# how would you install 200 miles of pipeline?



## dayexco (Mar 4, 2006)

i gotta ask...is this a job you have? or just bidding on? i'm getting the feeling either way....you're in way over your head.


----------



## SelfContract (Dec 6, 2007)

T&M job, it's a million-dollars job. Project, Schedule, Deadlines, Resources, & detailed Planning.


----------



## rshackleford (Jul 2, 2007)

i have successfully completed this job. someday there might be another one to bid on and i am trying to improve on what i have already learned.

as for the 200 mile part, i could have just as easily said 30 miles it the same thing just a different number of crews.

don't worry i am not coming to south dakota--let northern and abbot, arne, and schwindt compete down there.


----------



## dakzaag (Jan 6, 2009)

I know it is not apples to apples, but the local tile guys that put drainage tile in agriculture land say they aren't happy unless they are getting 20,000 ft/day.

Of course not all of it is seven feet deep, but they deal with rocks all day long. Dig them out with a hoe and let out on the clutch. 

Your looking at a big ripper type machine here, Wolfe is the big name, but there are others. 

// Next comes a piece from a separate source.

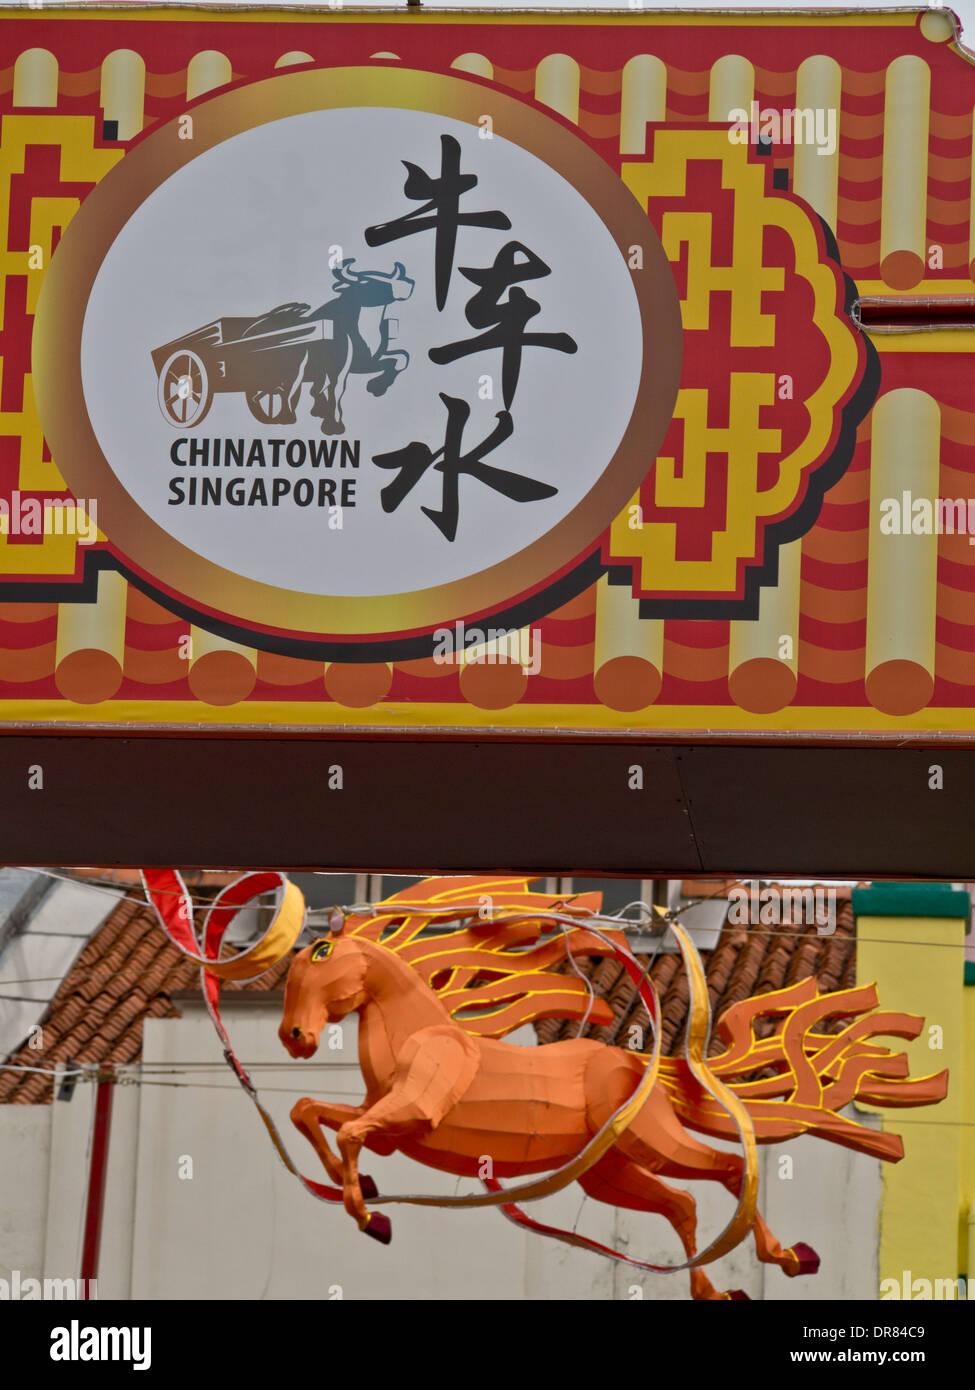 Le Nouvel An chinois et ornements des bannières pour l'année du cheval dans Chinatown, Singapour Photo Stock

I am a mason and it appears I have a better idea how to do this than you do, how did you get the opportunity to even look at something like this? Not knocking you or anything, just curious what your angle is?

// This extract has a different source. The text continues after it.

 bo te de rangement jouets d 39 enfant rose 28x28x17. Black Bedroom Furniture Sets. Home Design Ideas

Never mind, I see your response.


----------



## rshackleford (Jul 2, 2007)

dakzaag said:


> I know it is not apples to apples, but the local tile guys that put drainage tile in agriculture land say they aren't happy unless they are getting 20,000 ft/day.


that is amazing footage!




dakzaag said:


> Of course not all of it is seven feet deep, but they deal with rocks all day long. Dig them out with a hoe and let out on the clutch.
> 
> 
> Your looking at a big ripper type machine here, Wolfe is the big name, but there are others.


that's a million dollar machine man. what happens when you hook a three yard rock with that. of course up until this point i haven't mentioned three yard rocks. so, btw...there might be some three yard rocks.



dakzaag said:


> I am a mason and it appears I have a better idea how to do this than you do, how did you get the opportunity to even look at something like this? Not knocking you or anything, just curious what your angle is?
> 
> Never mind, I see your response.


ouch that kind of hurt!:w00t:


----------



## dayexco (Mar 4, 2006)

rshackleford said:


> --let northern and abbot, arne, and schwindt compete down there.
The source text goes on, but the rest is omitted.